De manière inédite, Poèmes du Dhyana, perles de liberté, offre au lecteur francophone une anthologie de la poésie bouddhique du Son (équivalent coréen du Chan chinois ou du Zen japonais) commentée par un religieux contemporain. En soixante-seize poèmes de trente-sept auteurs (dont trois auteurs chinois), le Vénérable Hyangjeok Sunim nous livre un aperçu des treize siècles de l'histoire de la poésie Son rédigée en chinois classique.
Les poètes coréens comptent parmi les grandes figures qui jalonnent la généalogie officielle de l'ordre de Jogye, principal courant du bouddhisme sud-coréen actuel, depuis la période du Grand Silla jusqu'au XXe siècle, en passant par les périodes du Koryo (918-1392) et celle du Choson (1392-1897), la plus représentée. Le commentaire contemporain et subjectif de l'anthologiste est celui d'un passeur sensible sachant relier passé et présent, littérature sud-coréenne et occidentale pour constituer un objet éditorial original de la collection.
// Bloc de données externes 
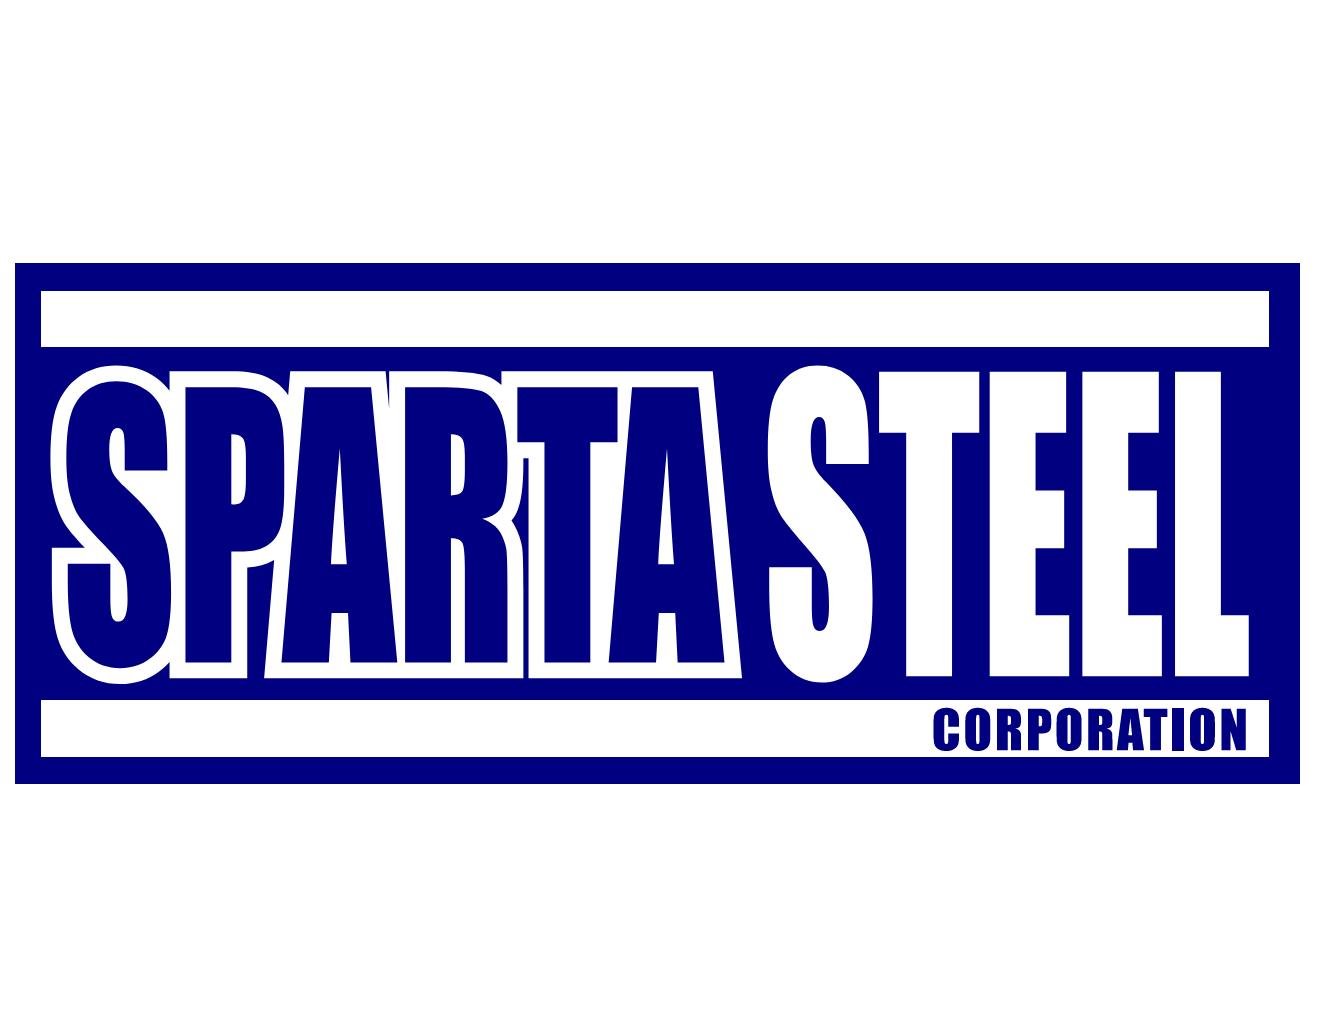 Sparta Steel Corporation

Pour le lecteur peu familier de la poésie du Son et du bouddhisme coréen, ont été aménagés un essai introductif, des annotations et des annexes, l'invitant à une immersion dans le monde poétique du Son. A la différence de la plupart des recueils de poésie bouddhique publiés, l'apparat critique propose au lecteur de s'initier à la culture monastique du Son, au genre des "propos des maîtres" , supports de méditation ou hwadu, et au symbolisme de la littérature Chan d'Asie orientale peu souvent explicité.
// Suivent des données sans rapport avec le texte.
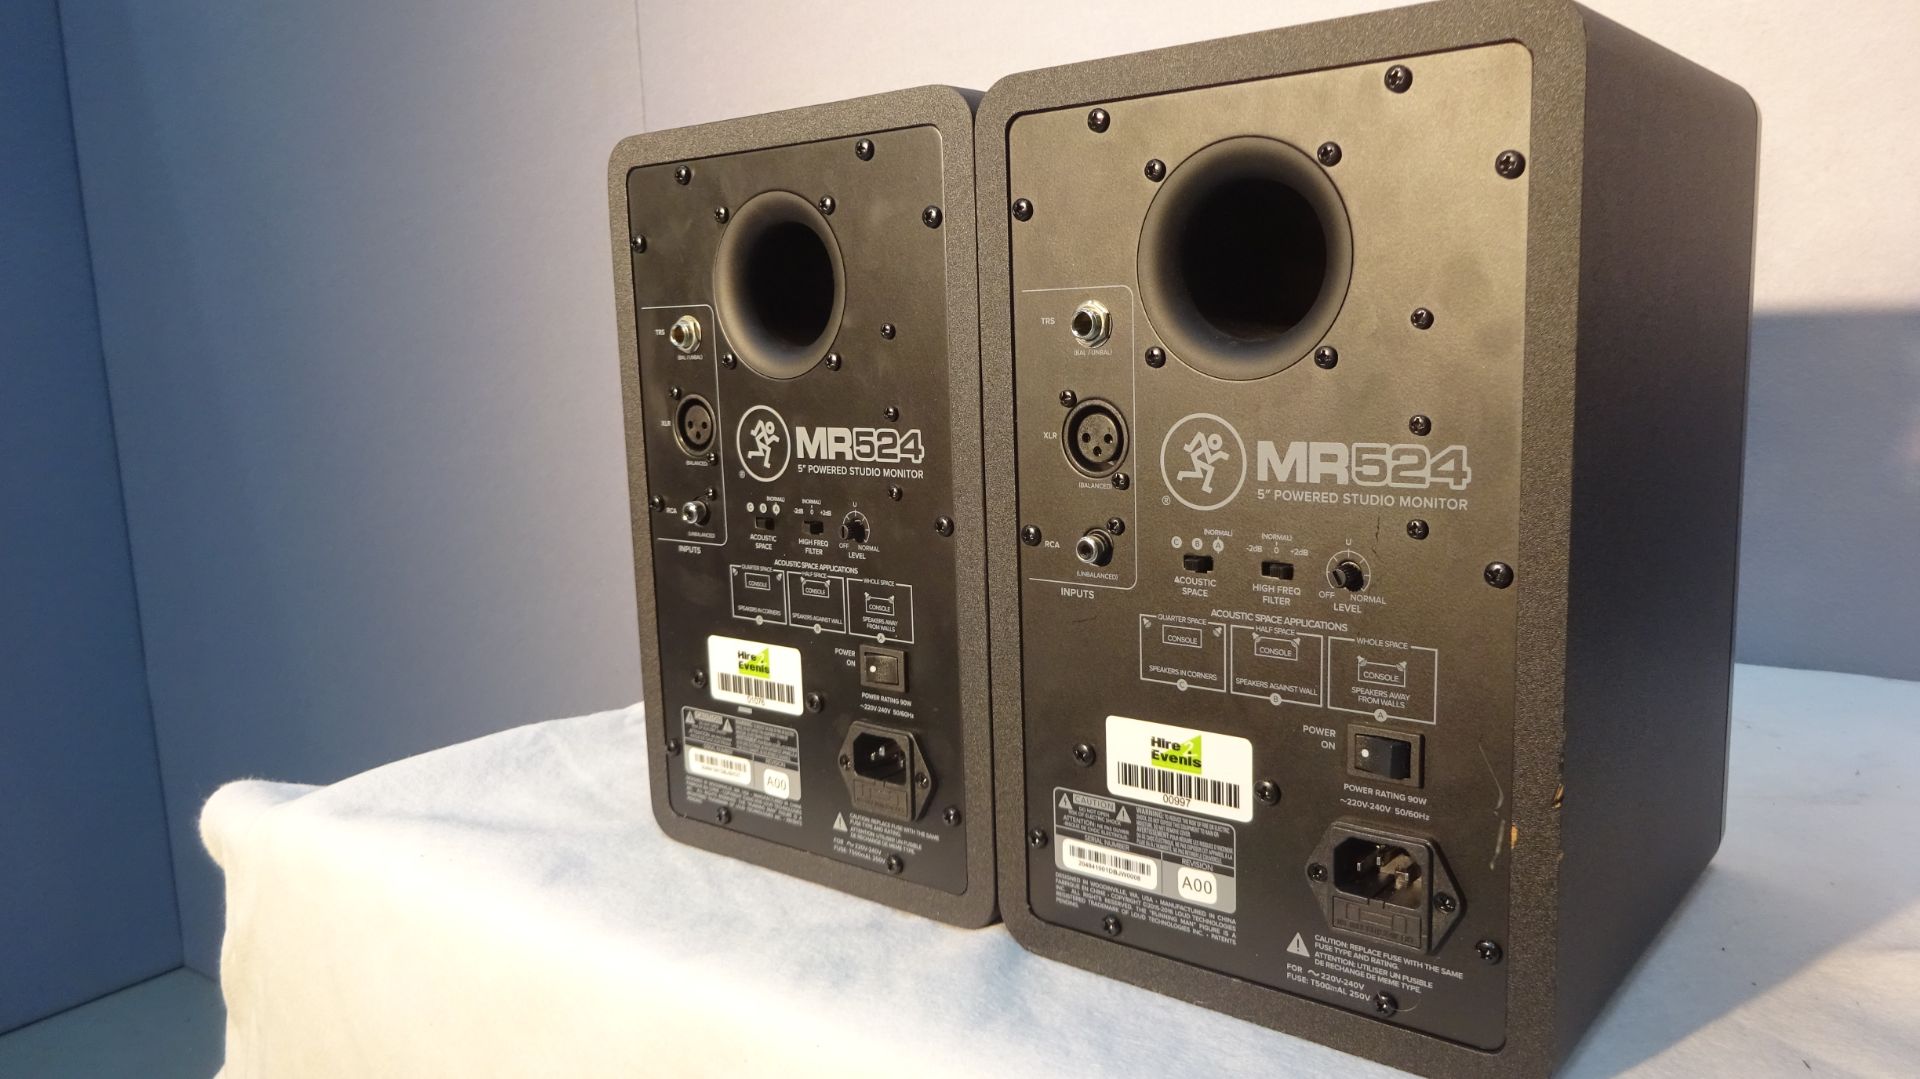 2 x MR524 Powered Studio Monitor Speaker c/w 2 Flights Cases VERY LITTLE USE - Image 4 of 11

L'ouvrage contribue ainsi, par une approche contemporaine, concrète et documentée, à en déconstruire la tenace réputation d'hermétisme.
Entré dans l'ordre bouddhique sud-coréen de Jogye au monastère de Hae'in ("Sceau de l'Océan") des monts Kaya en 1967, le vénérable Hyangjeok Sunim enseigne le Dharma et pratique le Son. Il fonda la revue mensuelle Hae'in, puis fit un séjour d'étude en France (1989-1993) par intérêt pour la culture européenne, le monachisme bénédictin et le journalisme. Il dirigea successivement le département d'Education de l'Ordre, le premier musée de Hae'insa, ainsi que le Pulgyo Sinmun, Le Journal du Bouddhisme, le Conseil central de l'Ordre.
Il fut élu supérieur de Hae'insa (2015-2019) où il vit actuellement retiré dans l'ermitage de Chijok. Formé en études de l'Extrême-Orient à l'UFR LCAO de l'Université Paris 7 et en histoire pré-moderne à l'Académie des Etudes coréennes de Songnam en Corée du Sud, Yannick Bruneton enseigne et mène des recherches sur l'histoire médiévale de la Corée centrée sur la période de la dynastie des Wang du Kory (918-1392) où le bouddhisme était religion officielle.
Professeur à l'Université Paris Cité, il est aussi directeur d'études dans la section des Sciences religieuses de l'Ecole Pratique des Hautes Etudes en "bouddhisme coréen". Traducteur du Jikji, ses recherches portent principalement sur les relations entre bouddhisme et Etat.